Freedom in France has been reduced to government-authorized drinking on outdoor patios. Where is La Résistance when it’s needed?
By: Rachel Marsden
On May 19, the French government authorized restaurant and café patios to reopen, and people have been acting like it’s the Liberation of Paris all over again. Except, sadly, it’s not.
In August 1944, the Nazi General in charge in Paris, Dietrich von Choltitz,
surrendered to French and US troops as four years of occupation came to an end.
The moment marked the definitive end of curfews for Parisians and the need to
carry an Ausweis – a Nazi-issued identity document – when outside at night.
Around the same time, writer Ernest Hemingway “liberated” the Ritz Hotel –
and bar – where he requisitioned a large room and proceeded to faire la fête,
allegedly ordering sixty dry Martinis for his rowdy company of adventurers,
according to Andrew Feldman’s biography, Ernesto: The Untold Story of Hemingway
in Revolutionary Cuba. Never again would the French allow their freedoms to be
taken away.
Well, unless a scary virus that kills an infinitesimal number of people happened
to come along, in which case, “take our freedoms, s’il vous plait.”
Earlier this month, French President Emmanuel Macron outlined a three-phase plan
to restore citizens’ basic freedoms after over a year of stop-and-go Covid-19
related restrictions. May 19 marked the first step, in which bars and
restaurants would be allowed to reopen their outdoor patios. Restaurants with
fewer than 10 tables aren't obligated to apply the 50% capacity reduction to
their patios as long as they have separating panels between tables. They do,
however, still have to impose a maximum-six-per-table restriction. Government
protocol obliges diners to wear masks outside on the patio “when ordering,
before serving the first course, and at the time of payment.”

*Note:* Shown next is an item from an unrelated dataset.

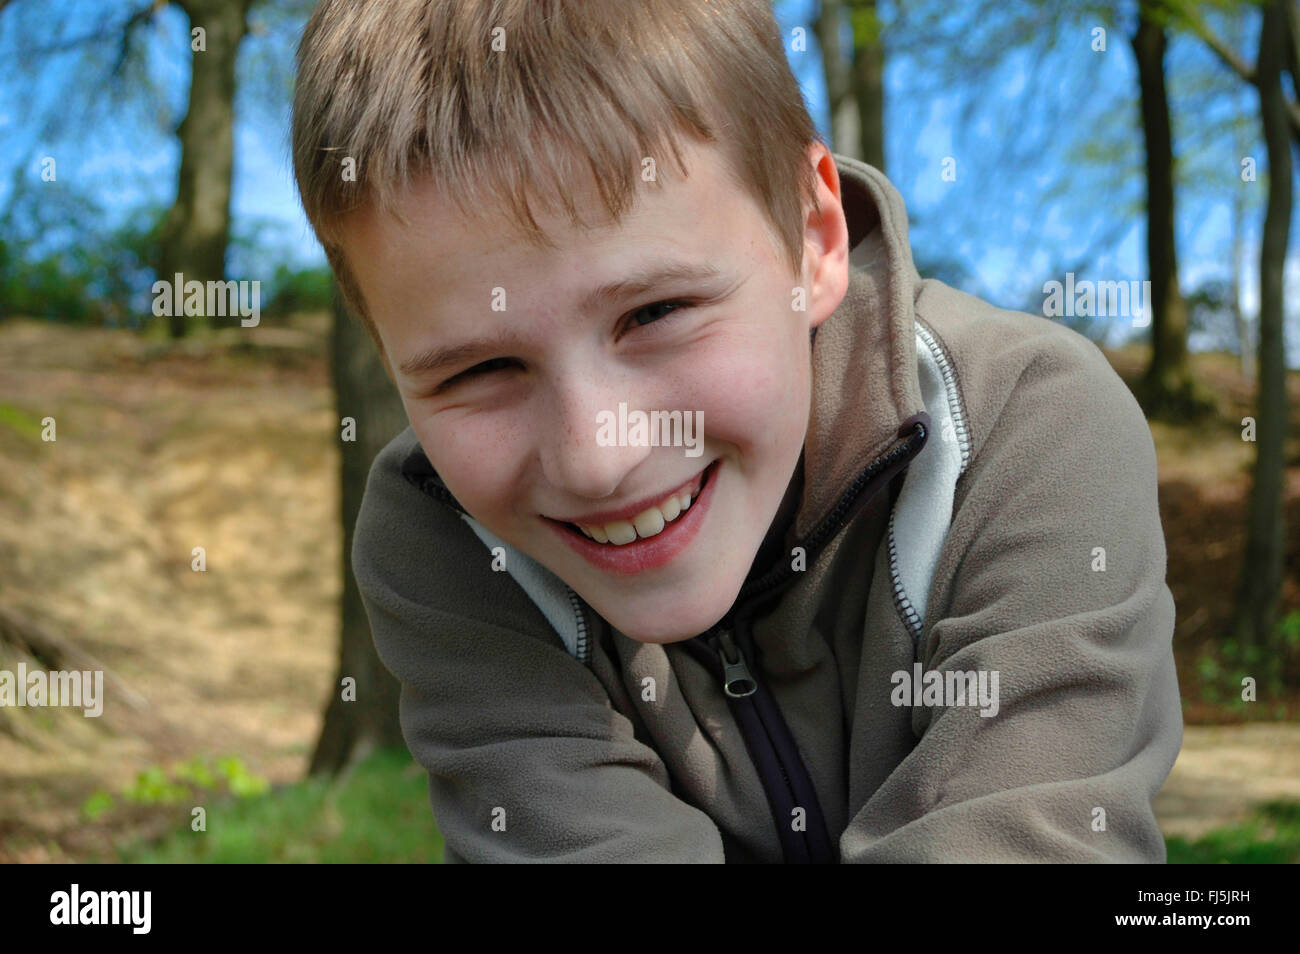 Jolly garçon dans une forêt, portrait d'un enfant, Allemagne Banque D'Images

Patrons are then officially invited to evacuate the sidewalk patios by 9pm to
get back home and resume hiding from Covid-19, two hours later than the previous
nightly curfew under which French have been living since January and after which
citizens are still required to produce an Auswe…er, authorization, downloaded
from the Ministry of the Interior, justifying their reason for being out in a
public space.
Driving across town the day the restrictions were lifted, patios spilled out
onto the street, between parked cars, as restaurateurs attempted to maximize
revenues after months of government-dictated shutdown. Some adjacent
non-restaurant businesses even allowed for their restaurant neighbor’s patio to
spill onto their property, in what appear to be friendly private arrangements.
Restaurant patrons laughed and cried tears of joy behind their masks on patios
nationwide as headlines, like one in Le Figaro newspaper, underlined how great
it all was: “The French rediscover the scent of freedom.”
Seriously? “Freedom” in France now is being able to attend museums, movies, and
outdoor dining with a mask on and strict social distancing rules? The government
throws the French a few crumbs after taking away the whole cake and suddenly
they think they’re in Candyland. What the heck has happened to the French? This
is, after all, the same country whose citizens beheaded their leaders during the
French Revolution for merely existing. And now they’re celebrating the ability
to drink outside on the sidewalk with limitations.
Freedom is the ability to go to the limit of one’s desires. And right now the
French can’t even go to the limit of Happy Hour, since in various cities across
the country, the cops showed up after the 9pm curfew – with tear gas in some
cases – to forcibly evacuate diners from the patios or to break up outdoor
gatherings.
As a result of these “excesses,” some local authorities have now banned the sale
of take-away alcohol after 6pm, or (in the case of the city of Tours) its
consumption in public, away from an established patio, altogether.
On this oh-so-momentous occasion of varying degrees of sidewalk beer-drinking
authorization and prohibition, President Macron called on the French to “live in
the present moment.” I guess he means until the cops show up and ruin the vibe.
“Yesterday, [the terraces] were not open, they are today,” he said. “If we
manage to organize ourselves well collectively, to continue to vaccinate, to
maintain a collective discipline (...) there is no reason we can't keep moving
forward.”
Macron has already said that his fellow citizens’ so-called freedom will now be
conditional on Covid case-counts staying under 400 cases per 100,000 population.
The moment it goes back above that – whether it’s next month, next autumn, or
next year – “freedoms” are once again fair game for rescindment. And it’s all
because the French people have and continue to tolerate it without any
significant resistance, despite evidence that the data being used to justify
lockdowns and restrictions is less than credible. On May 20, French authorities
quietly revised Covid case data to subtract 348,846 Covid cases from the total
going back to February, representing a reduction of 6% in previously reported
cases.
Today, Hemingway couldn’t have liberated a bar patio from Covid restrictions
without being manhandled or teargassed by French cops, and people are
pathetically cheering their ‘freedom’ and waiting patiently for the green light
to have other fundamental rights restored, rather than simply taking them like
they already own them. When is the resistance coming, already?